--- THE DATA Enclosed Below ---
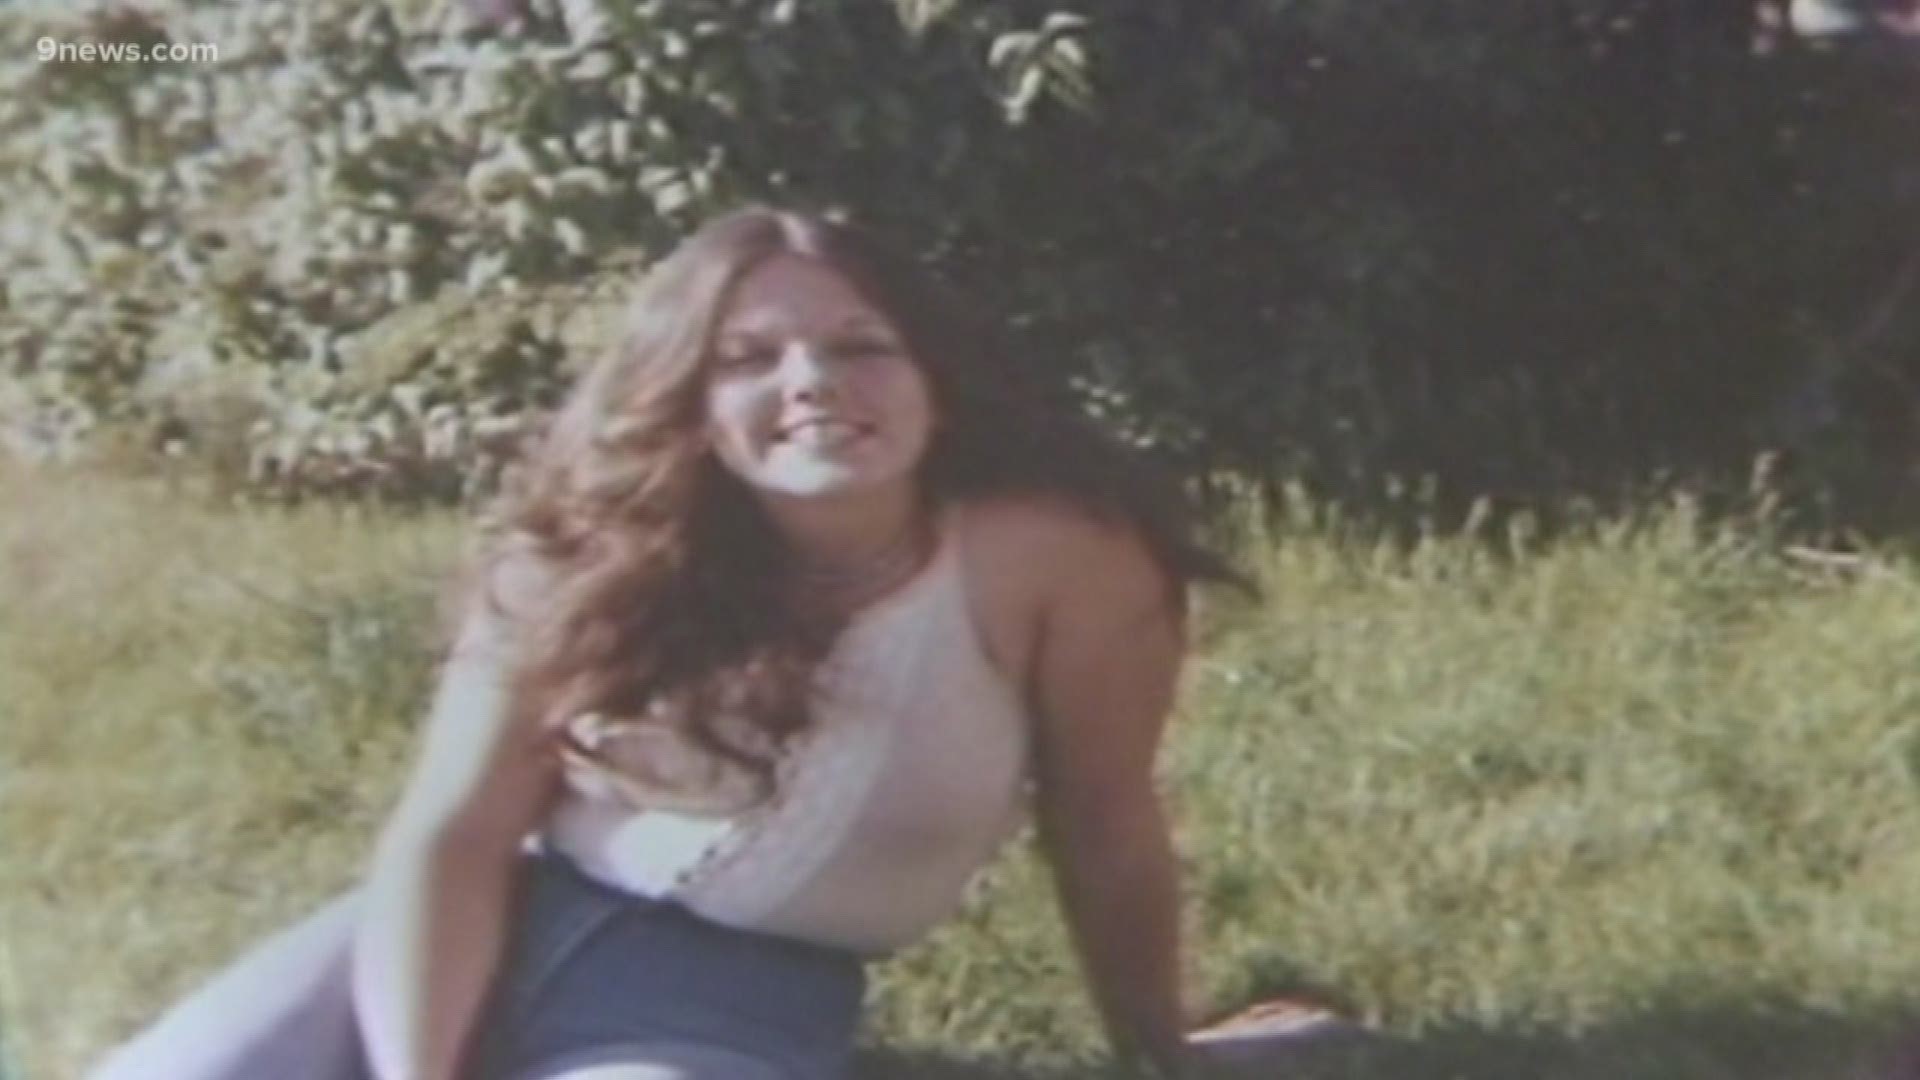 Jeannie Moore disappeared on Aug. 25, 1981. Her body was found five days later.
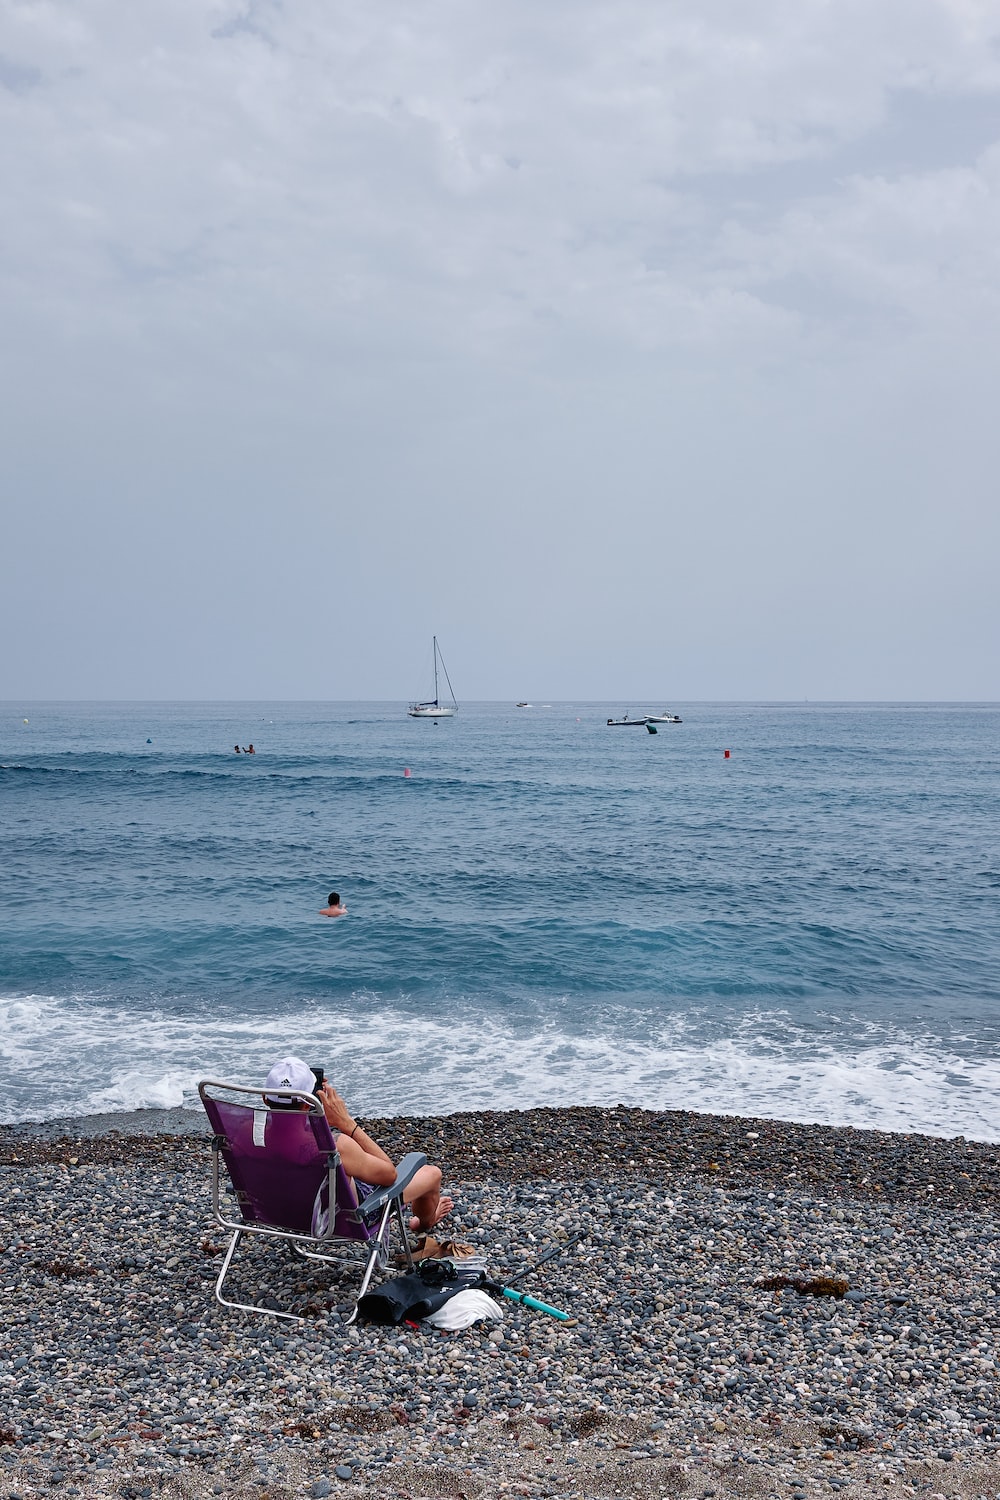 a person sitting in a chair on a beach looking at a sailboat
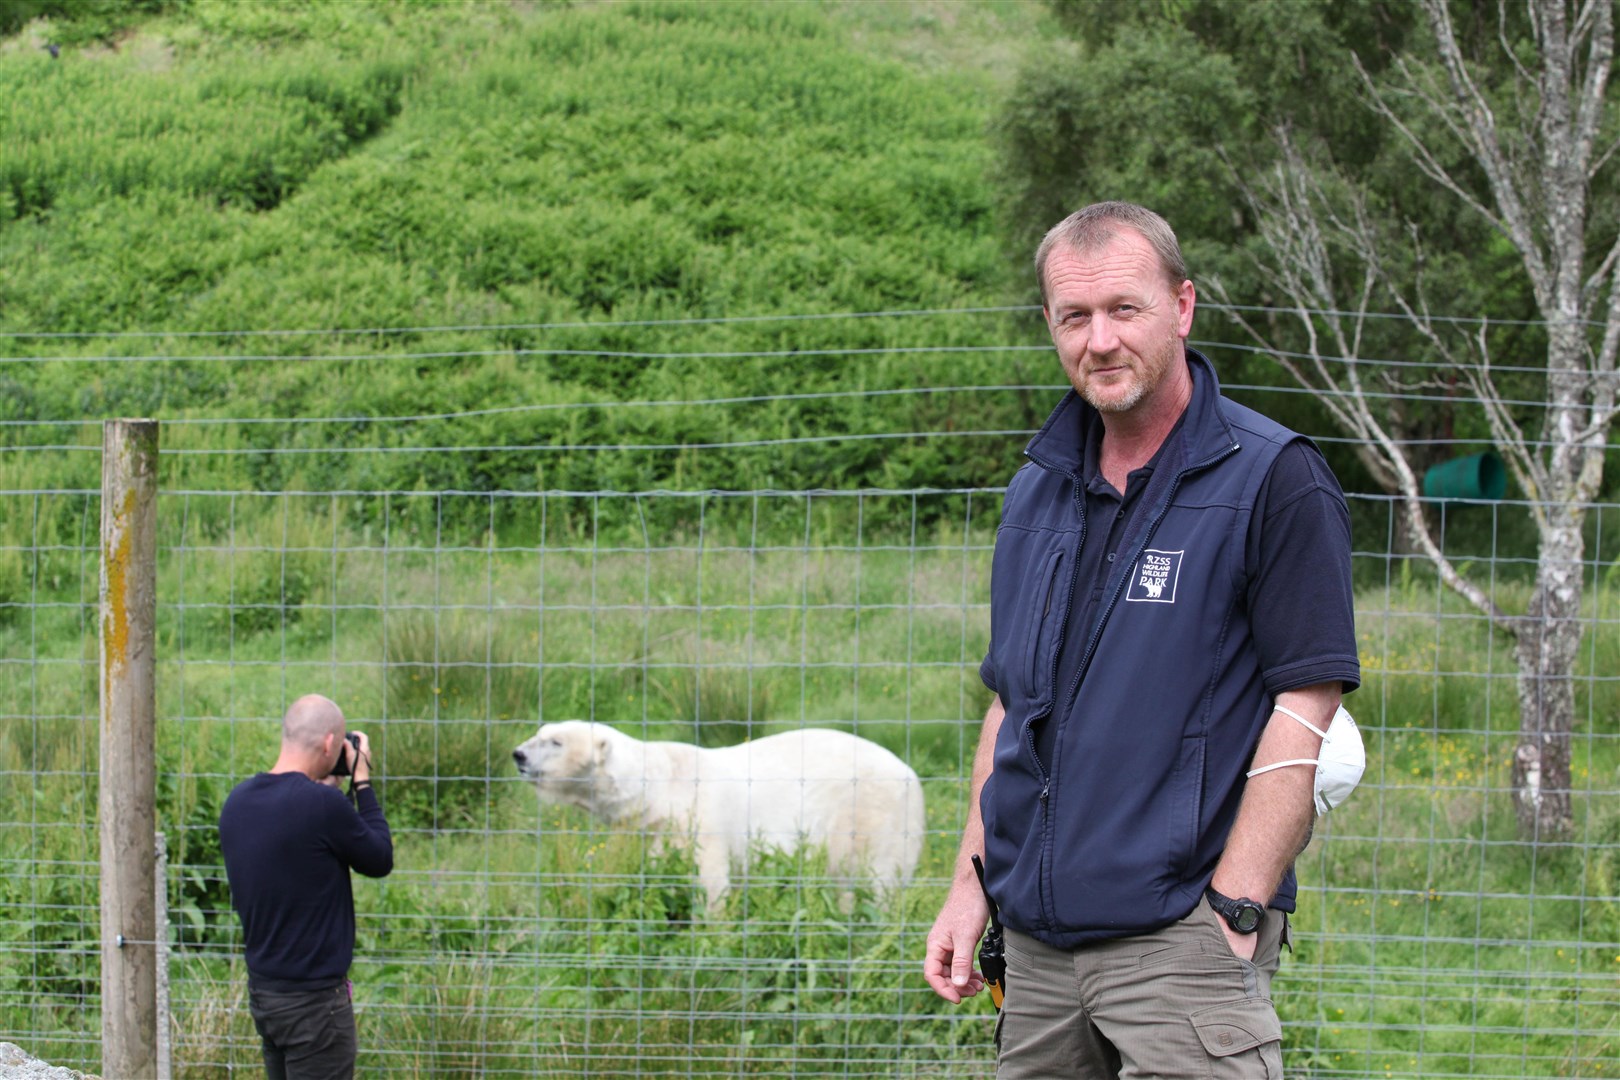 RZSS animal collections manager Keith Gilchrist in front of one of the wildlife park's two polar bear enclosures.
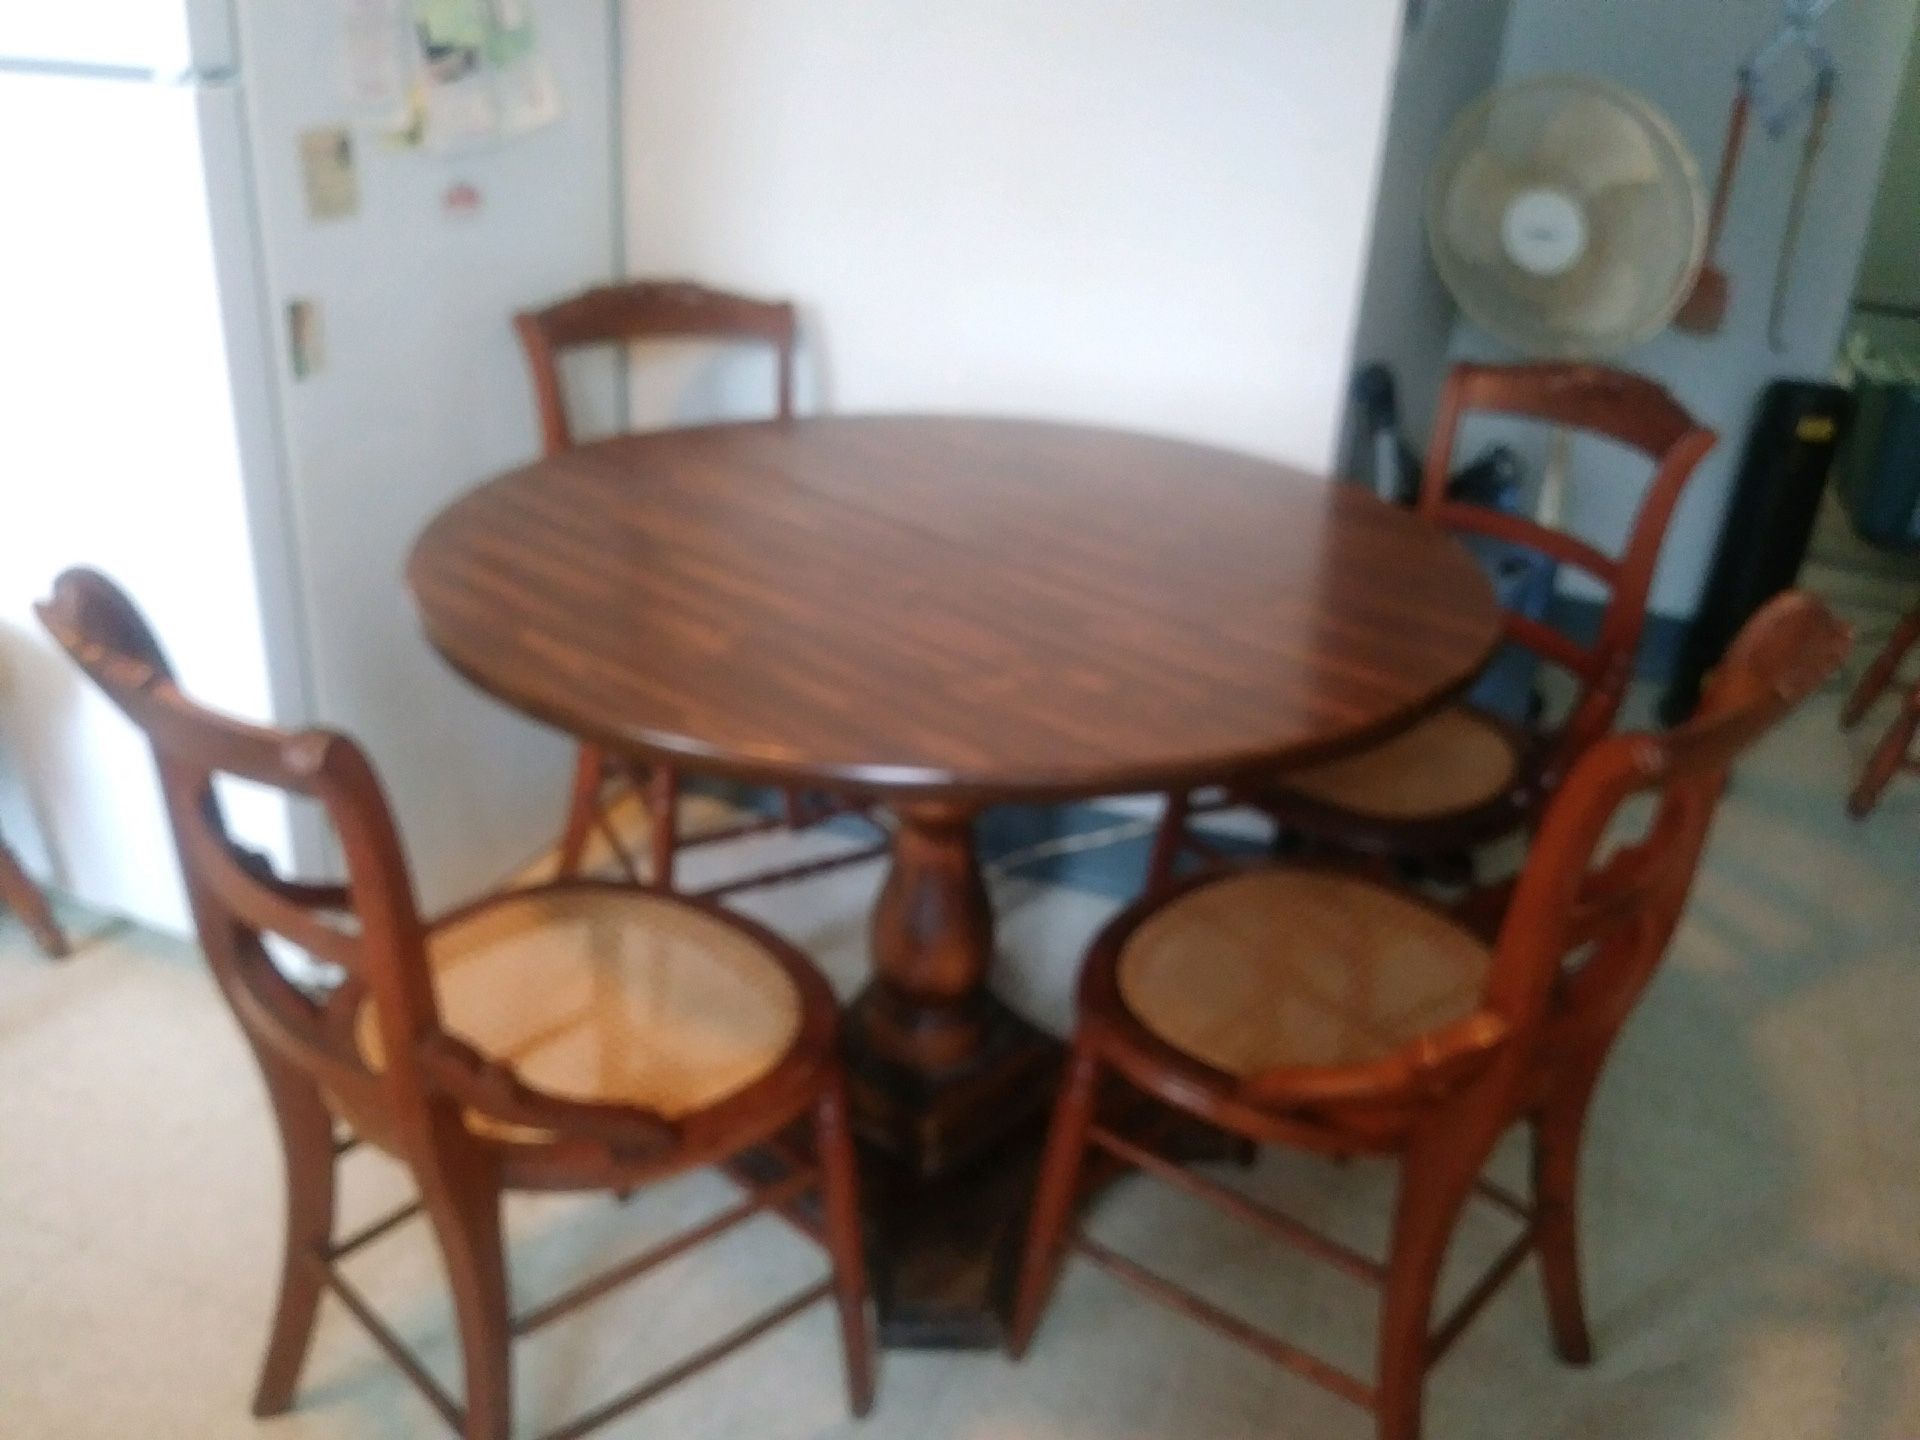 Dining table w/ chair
--- End of Enclosed THE DATA ---
# [ASSIGNMENT]
For this exercise, restate the material exactly and skip every picture.

# [RESULT BELOW]
 Jeannie Moore disappeared on Aug. 25, 1981. Her body was found five days later.
 a person sitting in a chair on a beach looking at a sailboat
 RZSS animal collections manager Keith Gilchrist in front of one of the wildlife park's two polar bear enclosures.
 Dining table w/ chair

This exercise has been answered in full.